St. Olaf’s current students are among the 100 million Americans with no living memory of September 11, born into a world already shaped by its aftermath. To mark the 25th anniversary, St. Olaf will offer academic courses and programming that explore the attacks, their larger historical context, their contested legacies, and the ongoing questions they raise about security, civil liberties, identity, and the reverberations of US policy at home and abroad. Co-presented by the Flaten Art Museum, Svoboda Center for Civic Engagement, the Institute for Freedom and Community, the History Department, the Art and Art History Department, and the Piper Center for Career and Vocation, these offerings invite students and the broader community to engage with a history that is both distant and unfinished.






Programming
More information regarding programming to come.


About the Artist
In 1982, Brenda Berkman won her landmark sex discrimination case against the New York City Fire Department (FDNY) and became one of the FDNY’s first women firefighters. For 25 years, she served the City as a firefighter and fire officer, rising to the rank of Captain. Berkman was a first responder at the World Trade Center on September 11, 2001. Her career is featured in the PBS documentary Taking the Heat. Berkman continues to mentor girls and young women both in firefighting and other non-traditional work and is also a volunteer tour guide at the 9-11 Memorial. Her fire service career is the subject of the 2021 children’s book Send a Girl! authored by Jess Rinker and illustrated by Meg Hunt.

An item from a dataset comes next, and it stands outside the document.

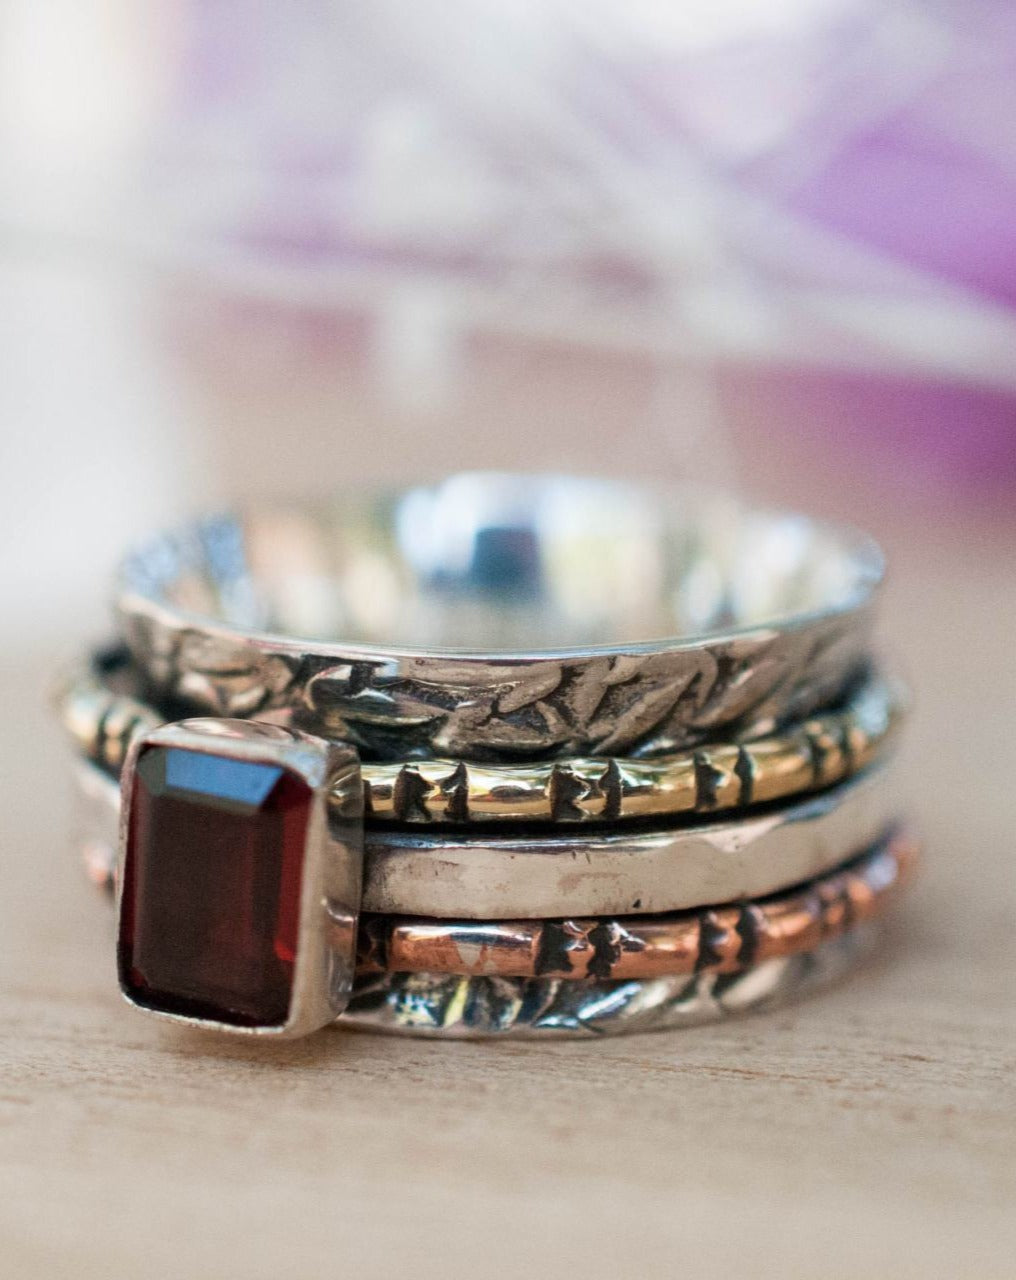 Garnet Ring * Meditation * Spinner * Spinning * Anxiety * Hammered * Worry * Boho * Spin * Thin Band *Sterling Silver *Copper *Bronze BJS020
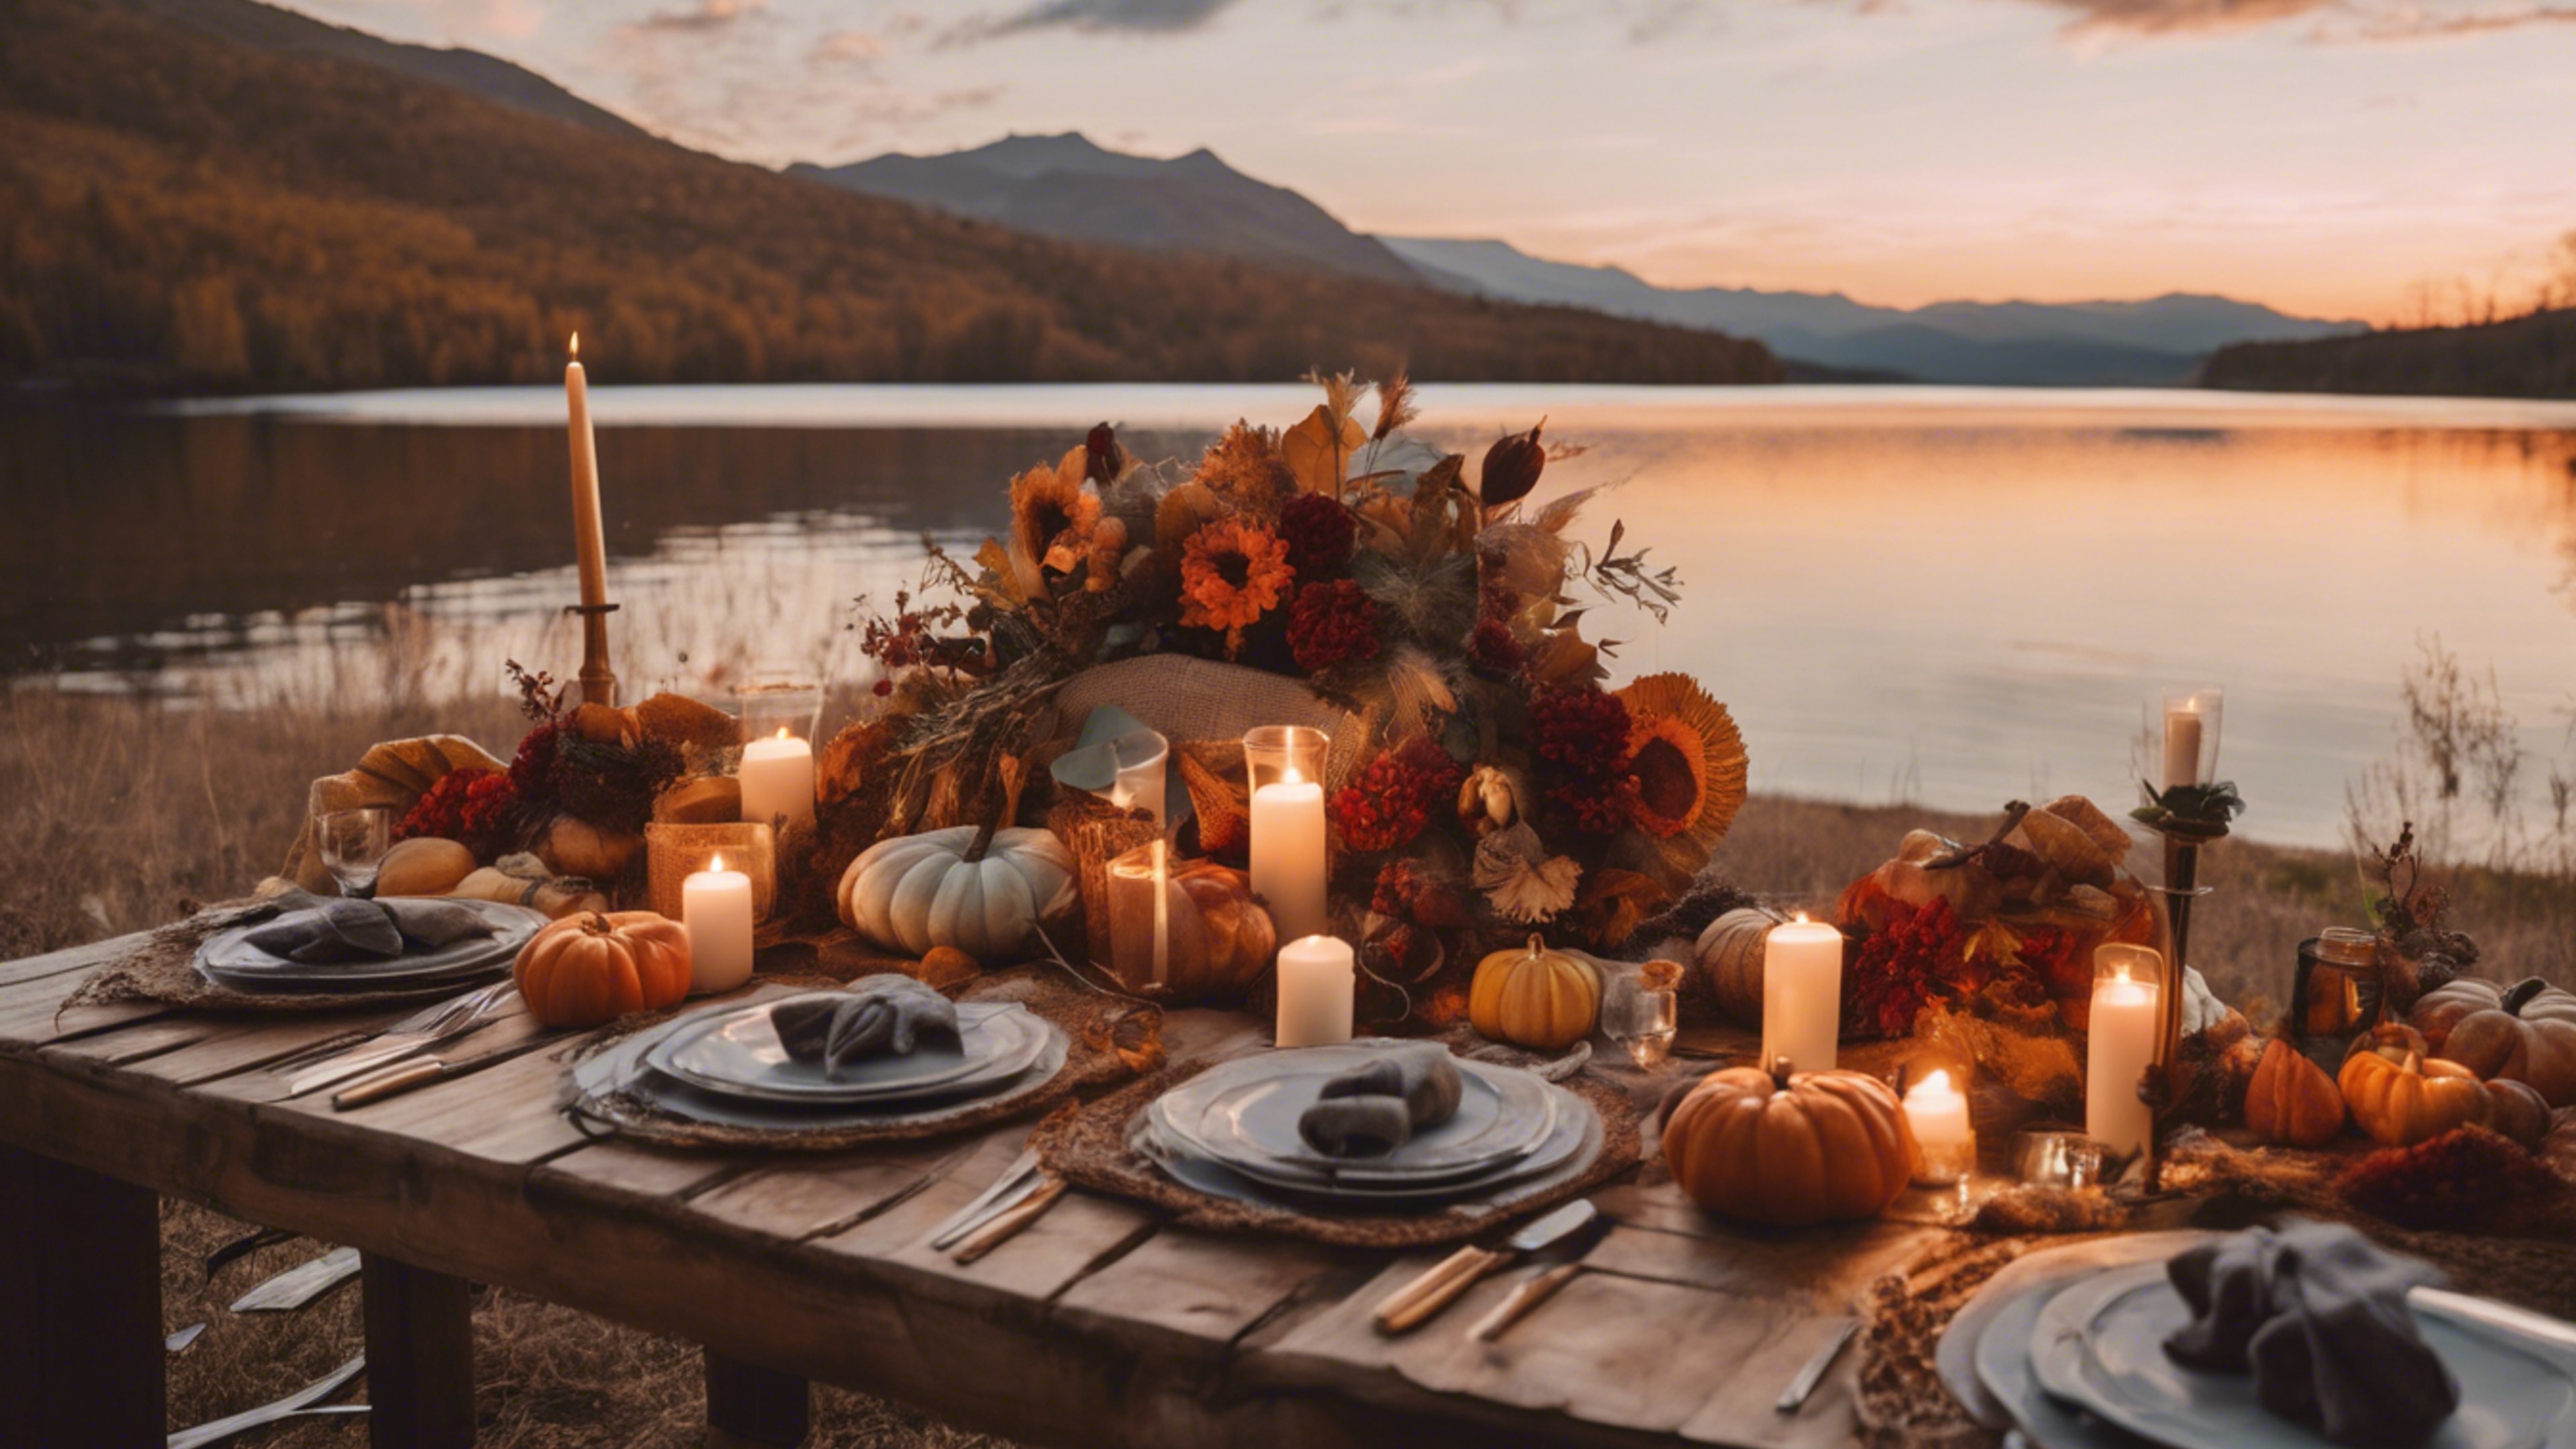 An outdoor Thanksgiving setup with boho decorations next to a breathtaking mountain lake during sunset. Hình nền[488ff8a1b73146e3b682]

On retiring from the FDNY in 2006, Brenda began to study printmaking at the Art Students League, where she quickly fell in love with stone lithography. Berkman has always been eager to collaborate with other artists. She created a collaborative art project commemorating the tenth anniversary of 9/11 involving 12 other artists. In 2013, she began the series of stone lithographic prints Thirty-six Views of One World Trade Center to commemorate the 15th anniversary of 9/11 and document the rebuilding of lower Manhattan. Drawing and printing hundreds of stone lithograph prints of 36 iconic views of the new One World Trade Center over the course of three years, Berkman’s series has been collected by the 9/11 Memorial and Museum, St. Olaf College, and a private collector. View a short video about the 36 Views project and browse her artworks at brendaberkmanartworks.com.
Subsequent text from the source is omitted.